Determination of small intestinal mucus sIgA
The ileum of 4 cm at the end of the small intestine of all mice was flattened on the filter paper and then cut longitudinally, and the contents of the intestine and mucus were scraped into the EP tube, fully homogenized by adding 1 mL of PBS, centrifuged at 10 000 g for 15 min, and the supernatant was taken. The mucus slgA was determined by ELISA.
Effect of SCFAs on the frequency and function of Tregs in peripheral blood mononuclear lymphocytes (PBMC) of mice
Peripheral blood PBMCs of OVA‐sensitized mice were isolated, and the cell concentration was adjusted to (1, 2) × 106/L. Then 5, 30 mM acetic acid; 2, 5, 30 mM propionic acid; 0.5, 1, 2, 5, 10 mM butyrate; and 5, 20, 100 ng/mL TSA were added in vitro and incubated at 37°C for 30 min. CD4‐FITC, CD25‐APC, and 7AAD were surface‐stained, light‐shielded at 4° for 30 min, and finally fixed and perforated. FoxP3 was added and placed at 4°C for 30 min. Flow cytometry was used to detect the frequency of CD4+CD25+Foxp3+ Treg cells. Cell supernatants were collected for the detection of cytokines IL‐10 and TNF‐α.
Effect of SCFAs on OVA‐sensitized mice
A total of 2 × 106/L PBMCs were pretreated with 30 mmol/L acetic acid, 30 mmol/L propionic acid, 10 mmol/L butyric acid, and 100 ng/mL TSA for adoptive reinfusion experiments. These cells were injected intravenously into the OVA‐sensitized mice through the tail vein. After 72 h, the serum IgE and DAO levels and the expression of sIgA in the mucus of the small intestine were detected again.
Statistical analysis
The experimental results were analyzed using the SPSS 22.0 statistical software package (IBM Corp., Armonk, NY, USA). An independent sample t‐test was used to compare the mean of the two groups, and an analysis of variance was used to compare the three groups. P < 0.05 was considered statistically significant. The experimental data were plotted using GraphPad Prism 5.0 software (GraphPad Company, San Diego, California, USA).
Results
Serum total IgE and DAO
The serum total IgE content of mice in the experimental group was significantly higher than that of the control group (P = 0.001) (Fig. 1a). The OVA FA mouse model in this study showed a high IgE response, suggesting a successful model establishment. DAO is mostly distributed in the mucosal or villous upper layers of mammals. If the intestinal mucosal mechanical barrier is damaged, then the permeability increases, and DAO will be released into the blood, resulting in increased DAO levels in peripheral blood. The serum DAO content in FA mice was significantly higher than that in the control group (P = 0.005) (Fig. 1b).
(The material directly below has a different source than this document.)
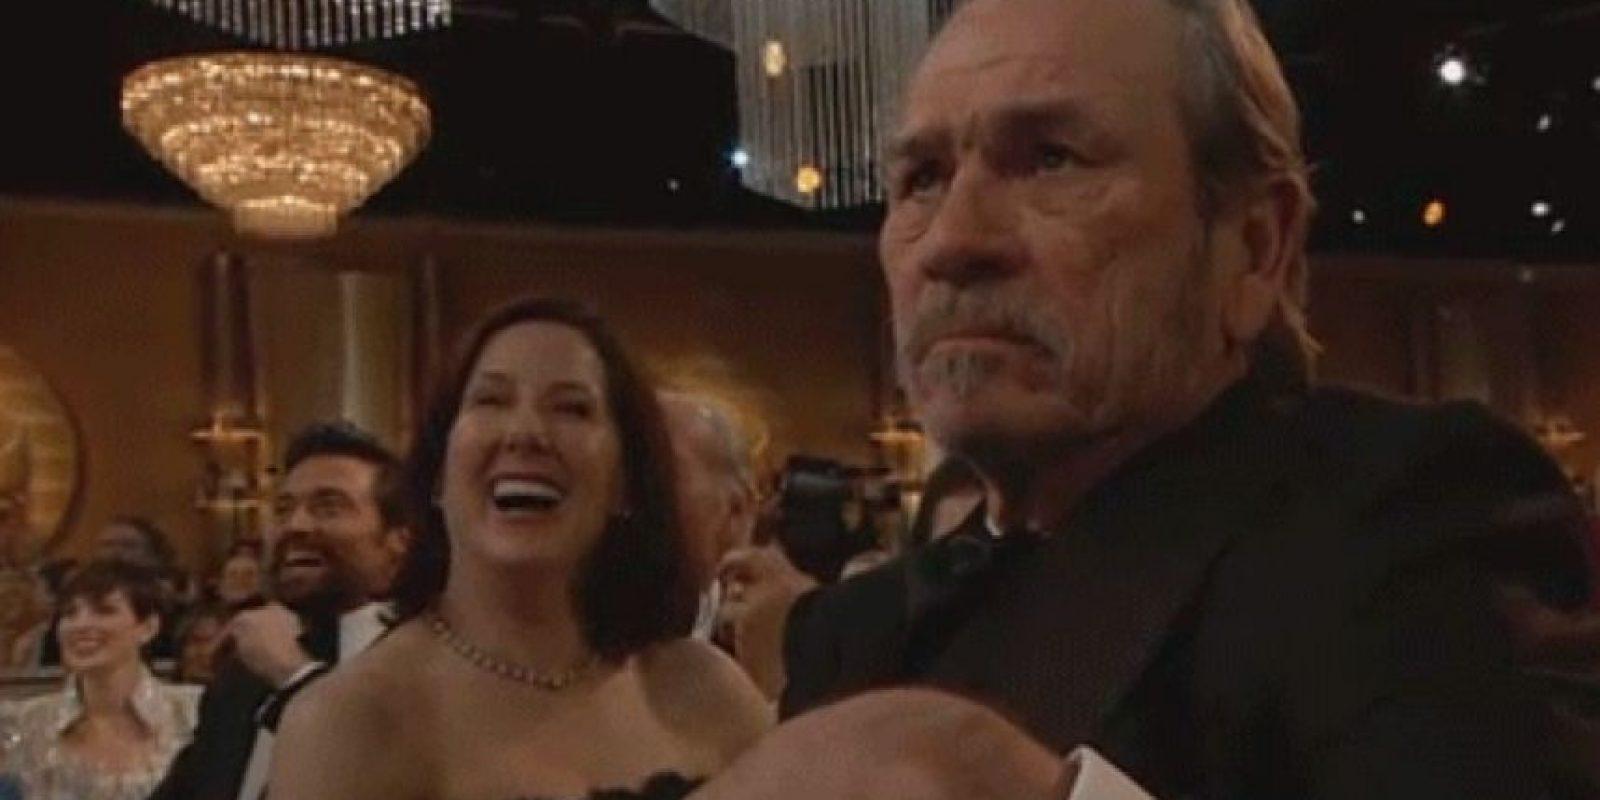 La cara de Tommy Lee Jones sirvió para más de un meme Foto:NBC
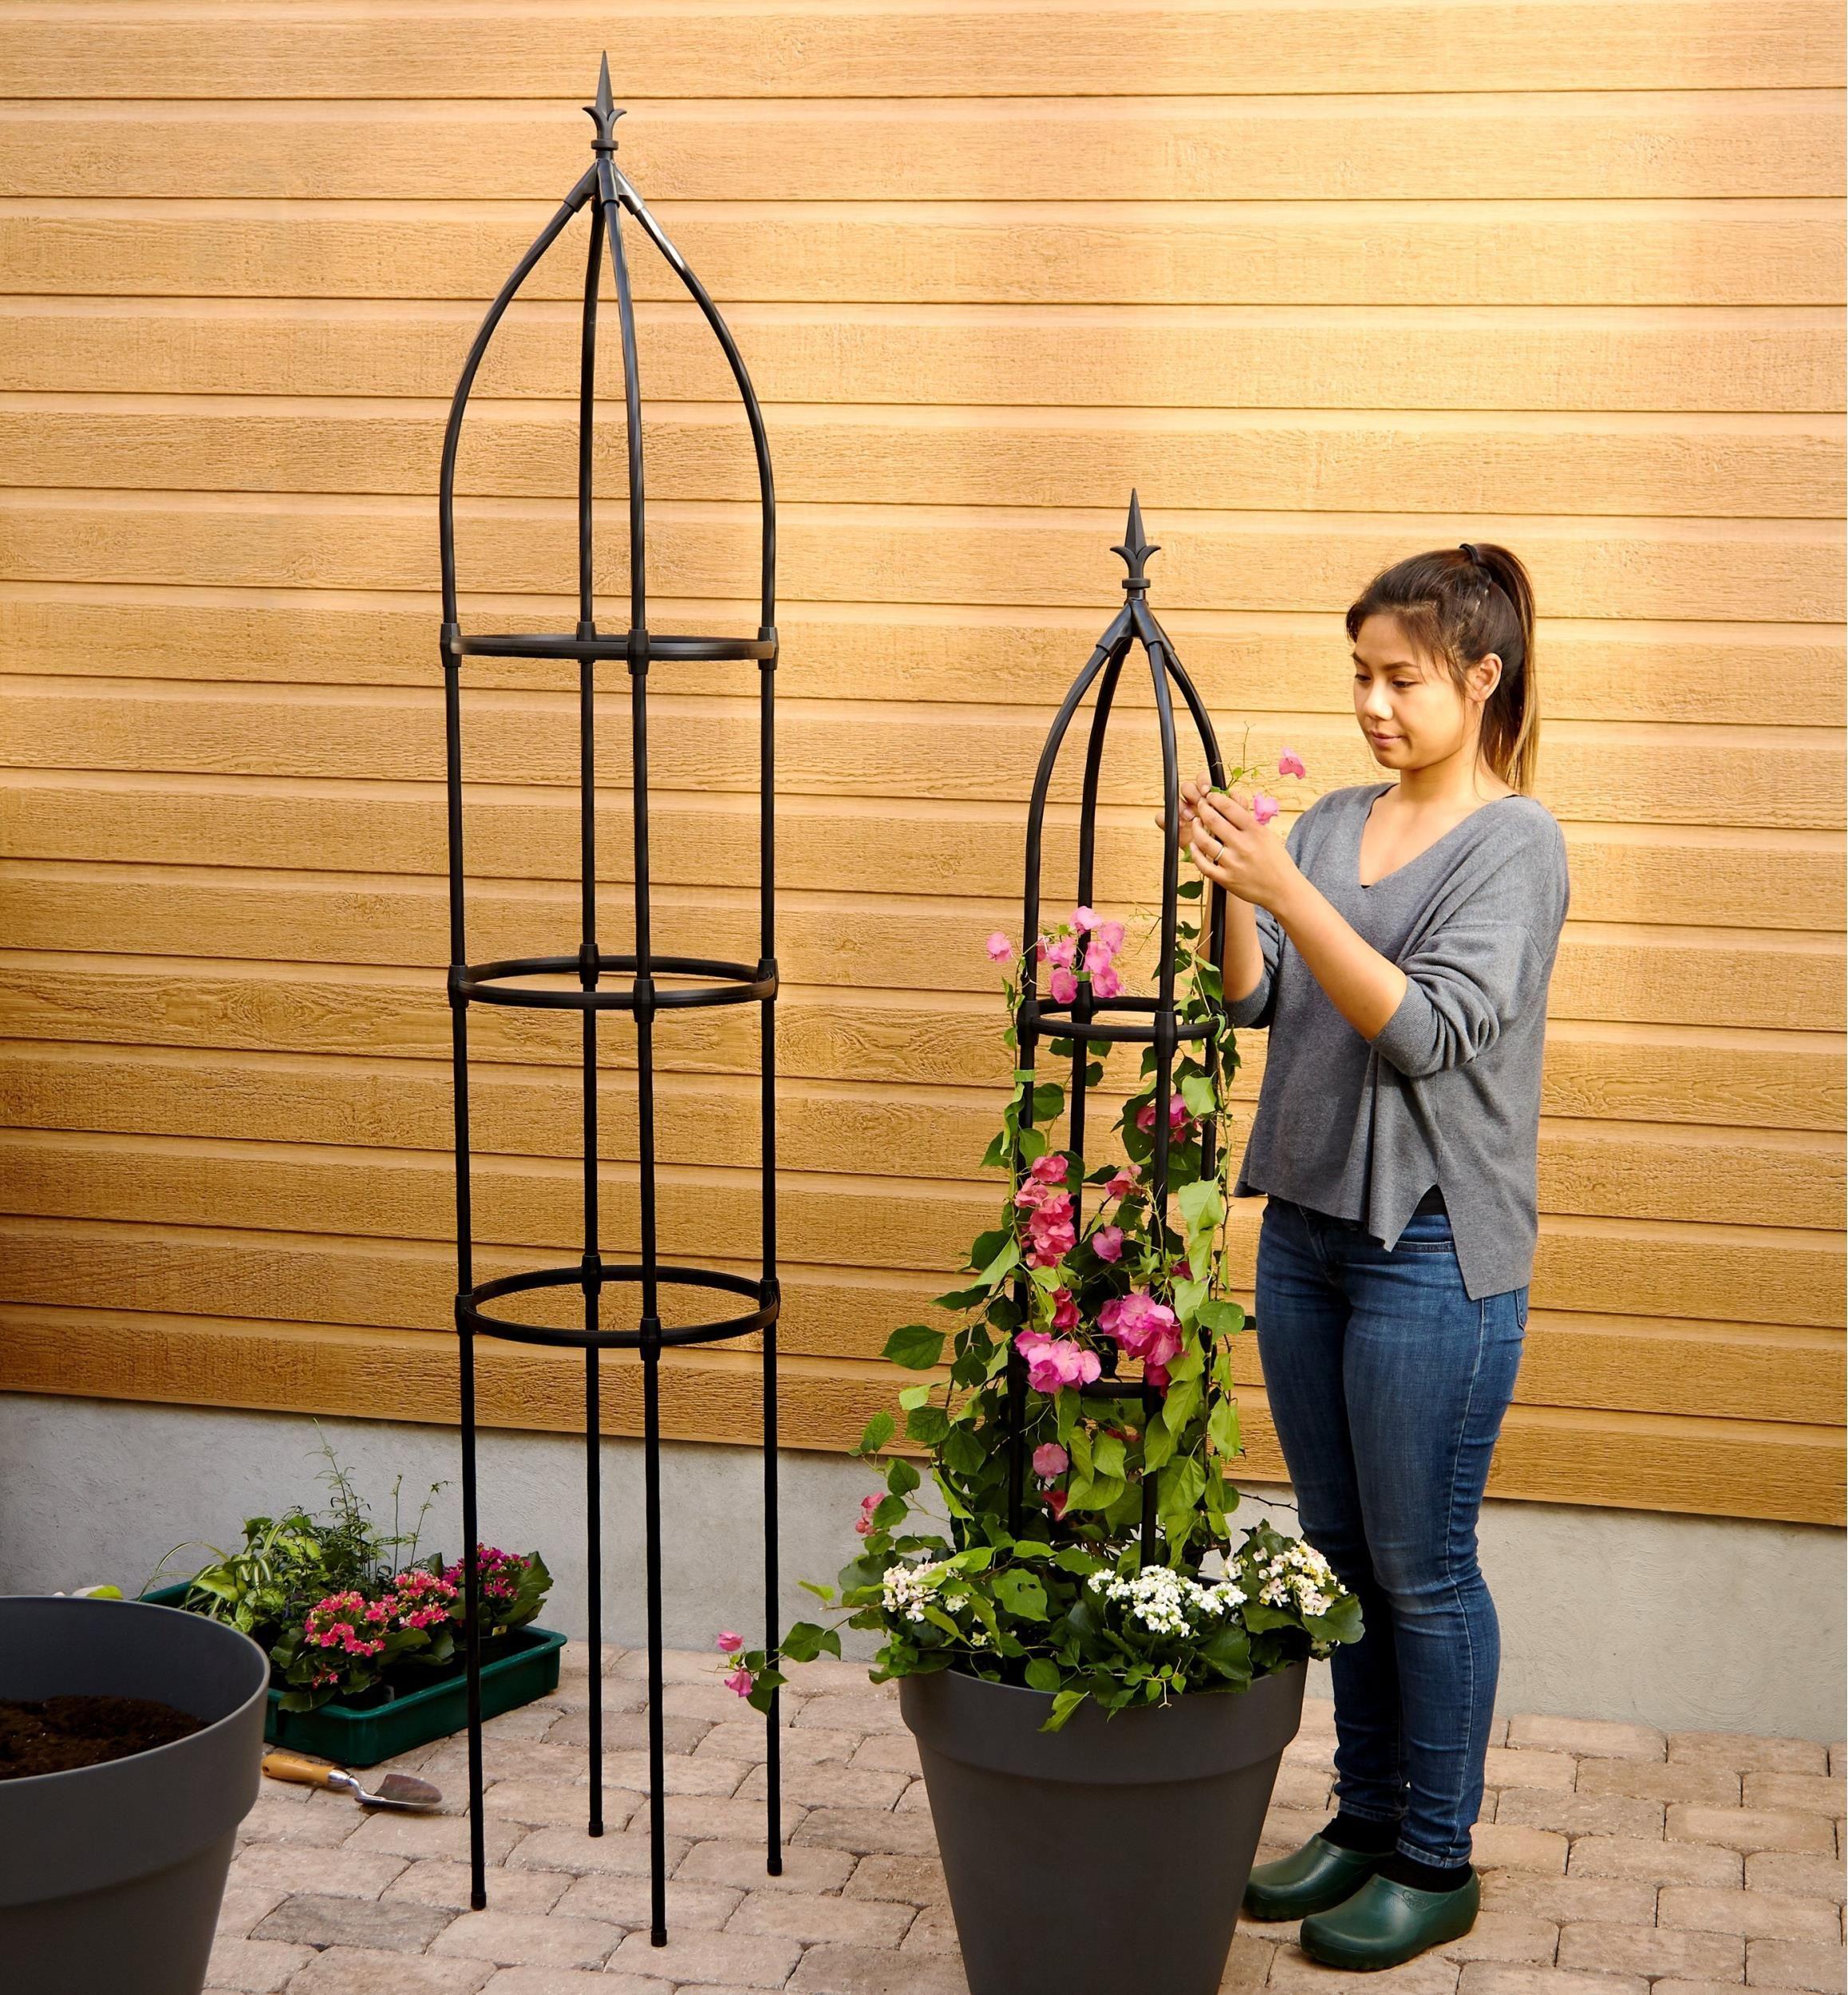 Garden Obelisks Lee Valley Tools In 2020 Garden Obelisk Obelisk Trellis Climbing Plants

This result suggests that the intestinal permeability of OVA‐sensitized mice is increased.
Figure 1
IgE, diamine oxidase (DAO), and intestinal mucosal sIgA expression in ovalbumin (OVA)‐sensitized mice: On the 31st day after model establishment, mice were bled by eyeballs, and small intestinal mucus was collected; ELISA detected serum IgE (a), DAO (b), and small intestinal mucus sIgA (c) expression. **P < 0.01; ***P < 0.001.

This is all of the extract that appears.